= What you have to do =
Starting at the line that contains "Deoxycholic Säure Gallensäure", transcribe each line through the end of the material below, exactly and nothing else, leaving out the pictures.

= The data =
--------------------

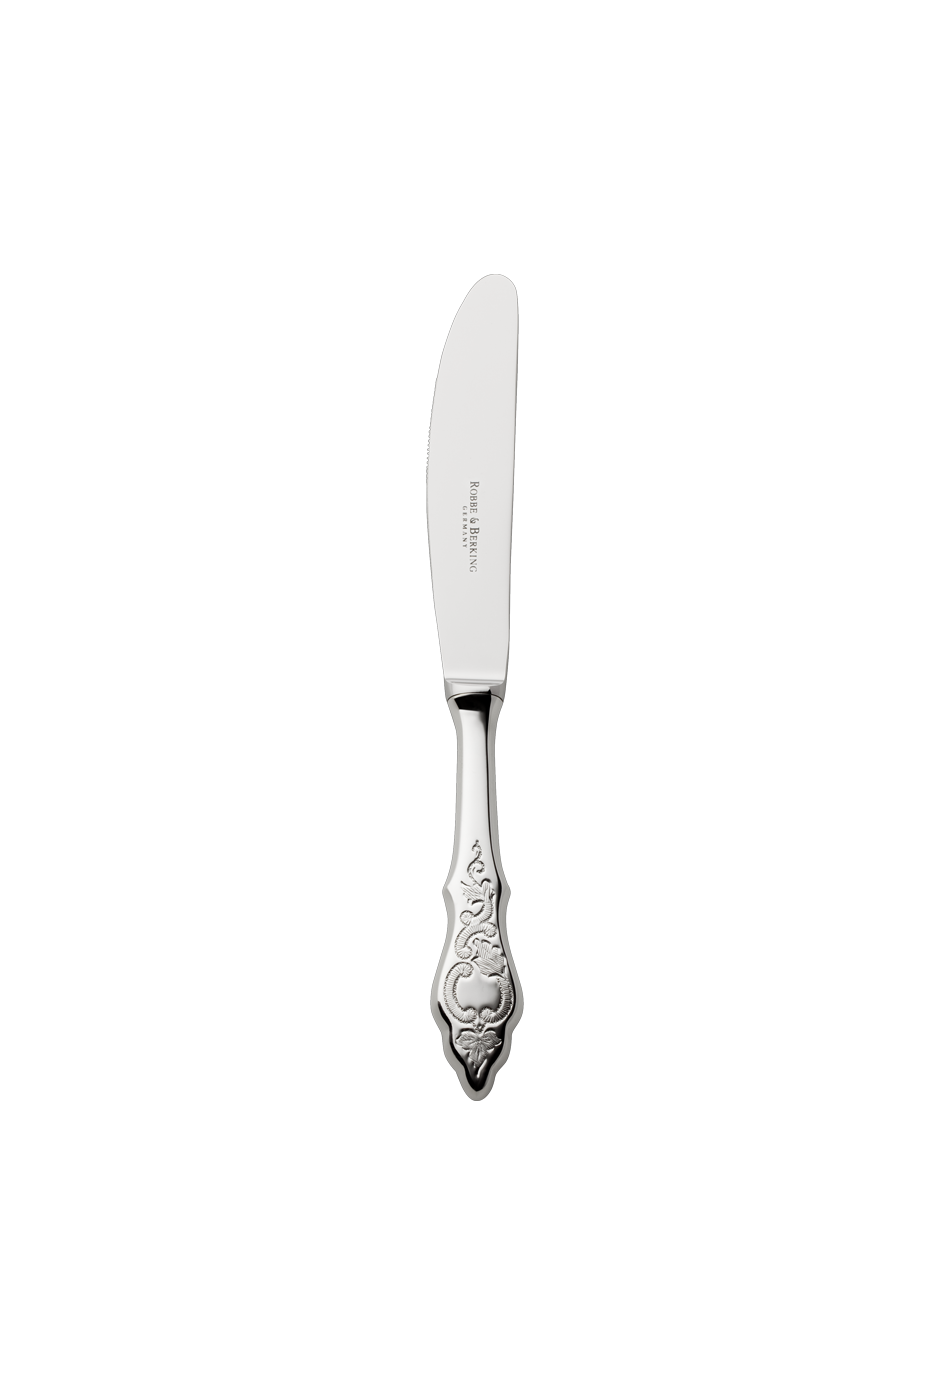 Ostfriesen Children's Knife (18/8 stainless steel)
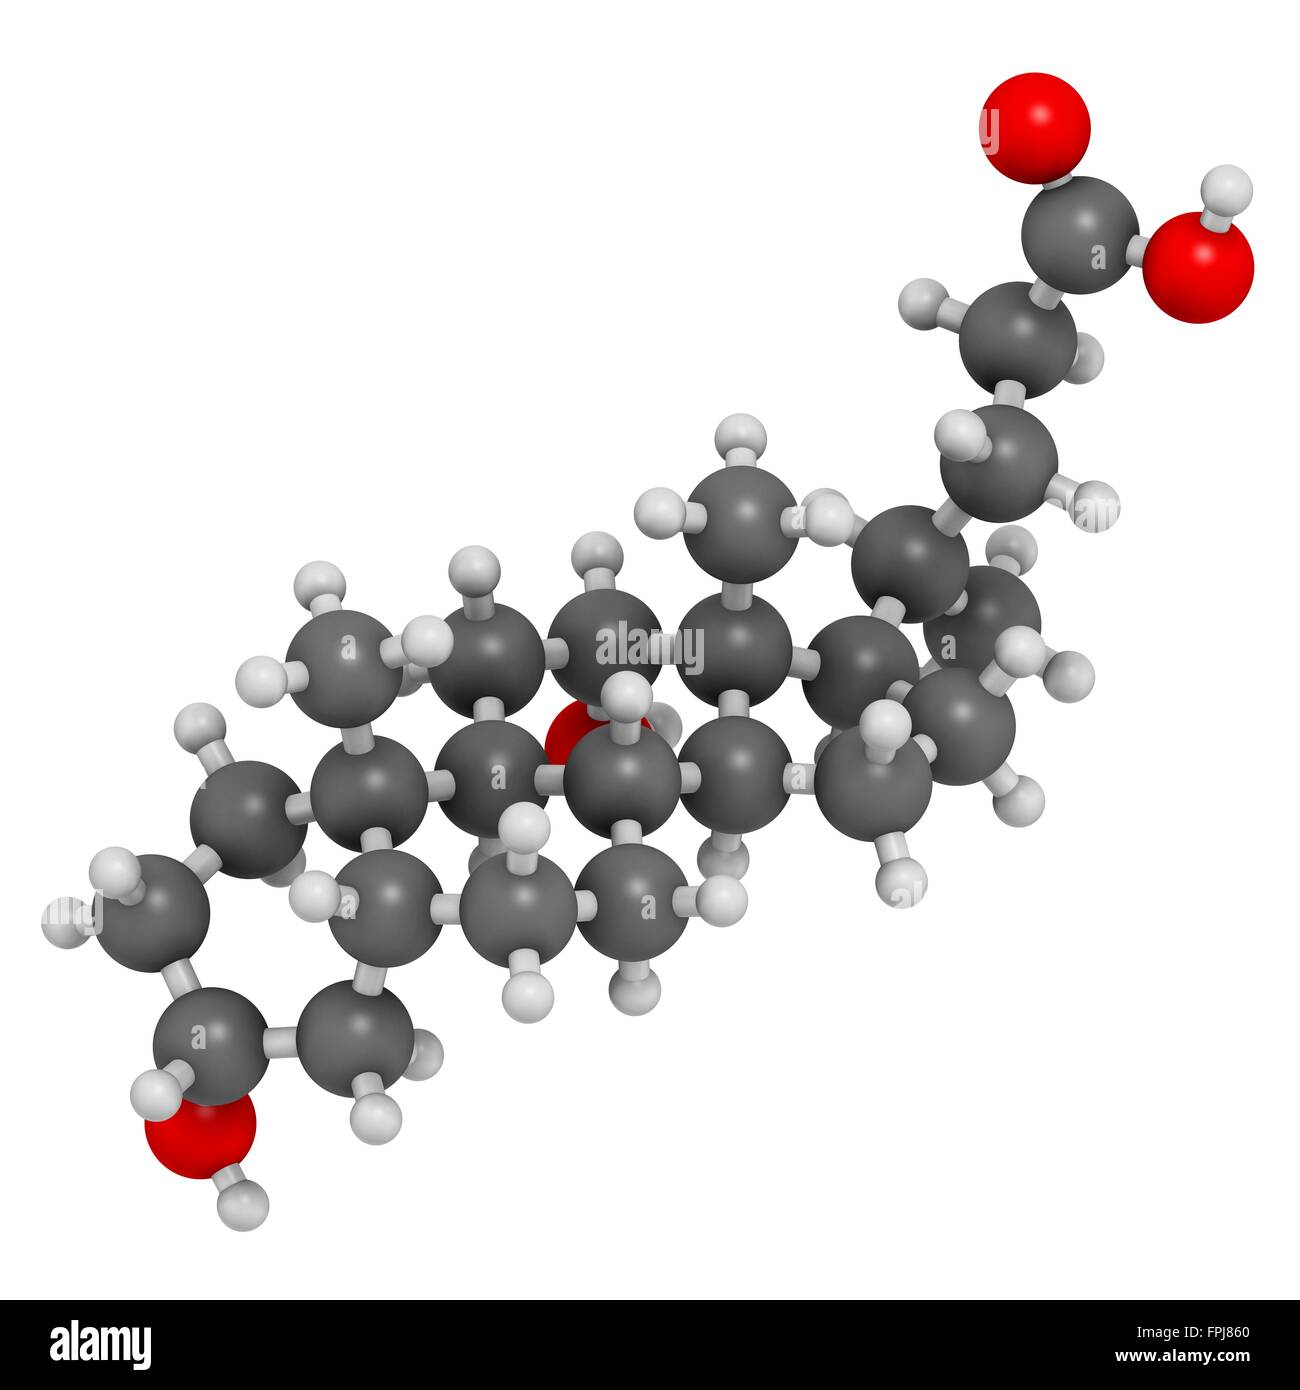 Deoxycholic Säure Gallensäure Molekül. Auch verwendet als Droge. Atome werden als Kugeln mit C Venti al Farbkodierung dargestellt: Stockfoto
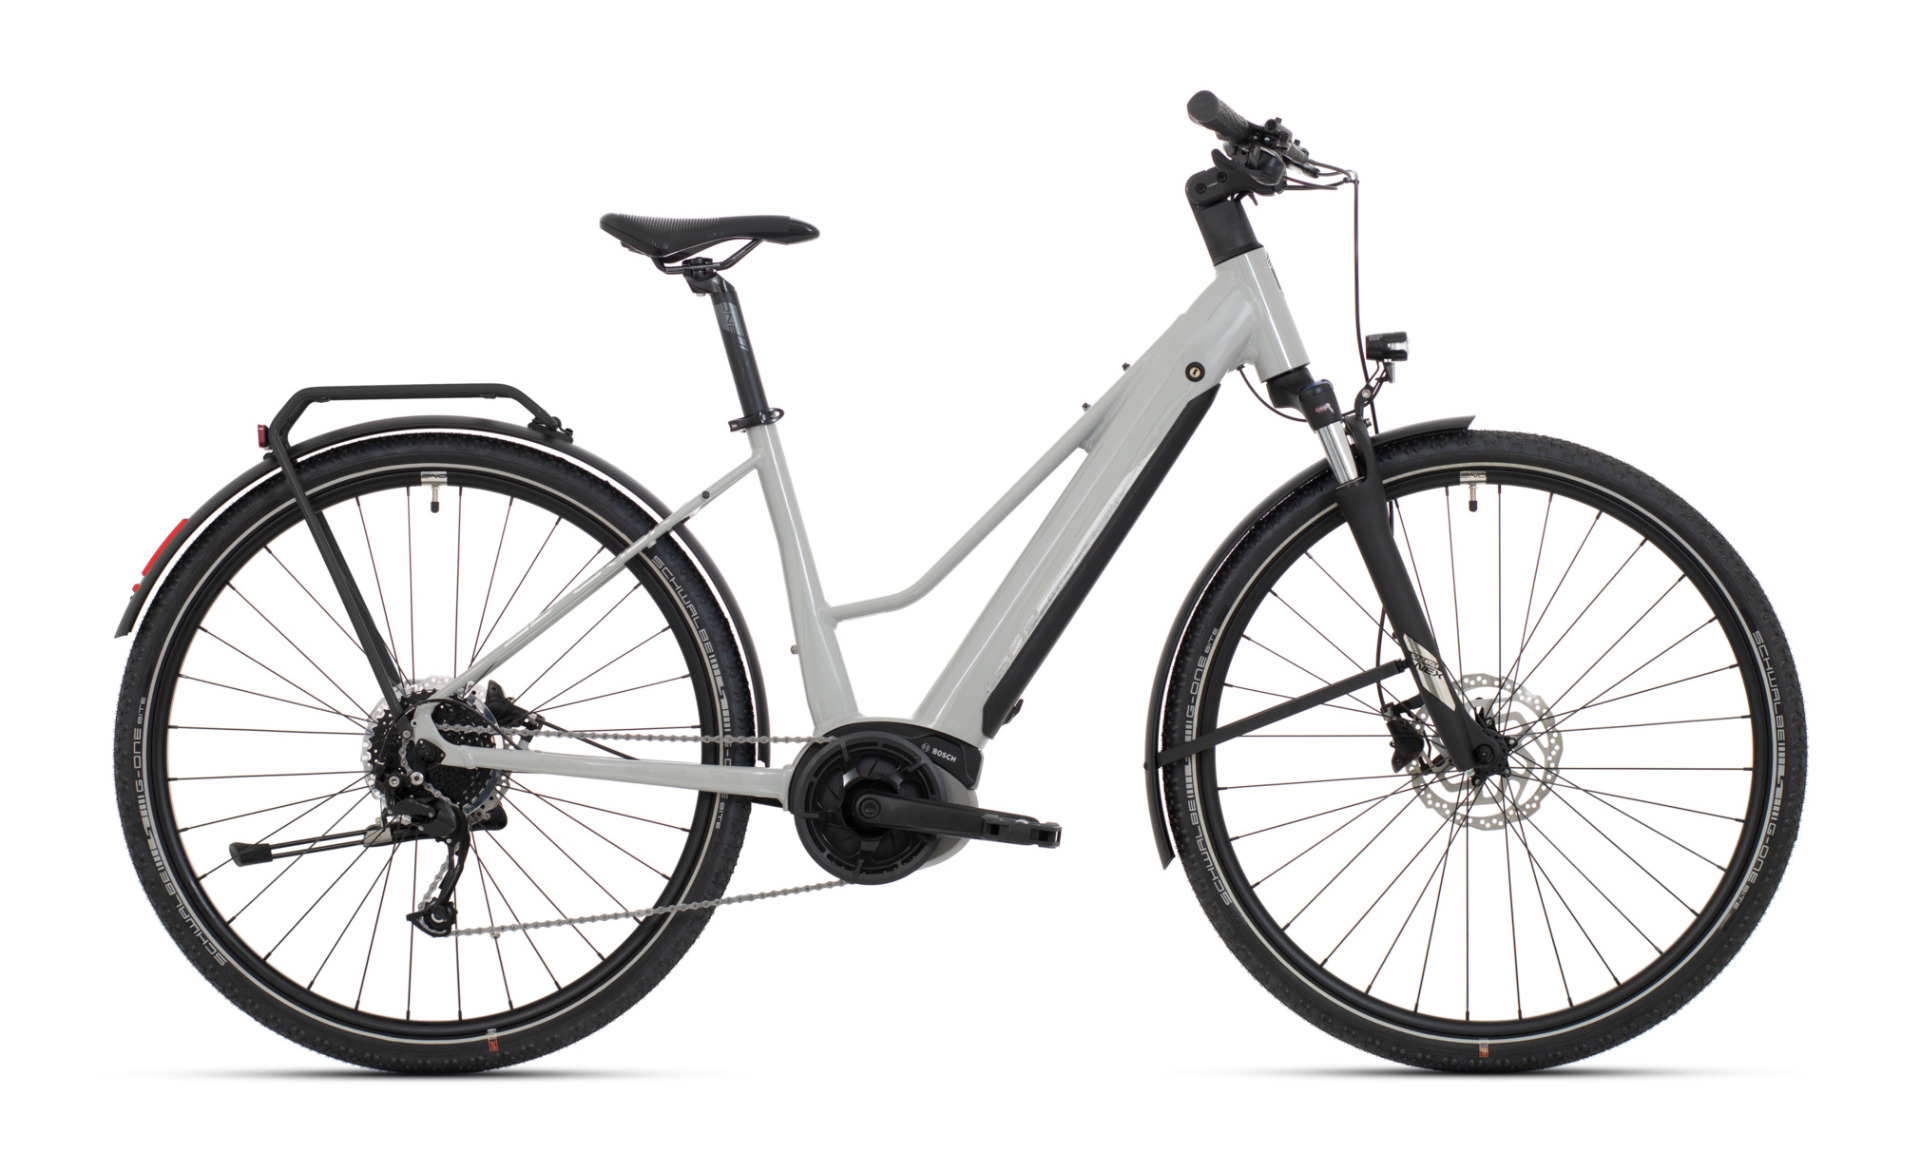 Jalgratas Superior eXR 6050 BL Touring 700C Gloss Gray/Chrome Silver

--------------------

= Task result =
 Deoxycholic Säure Gallensäure Molekül. Auch verwendet als Droge. Atome werden als Kugeln mit C Venti al Farbkodierung dargestellt: Stockfoto
 Jalgratas Superior eXR 6050 BL Touring 700C Gloss Gray/Chrome Silver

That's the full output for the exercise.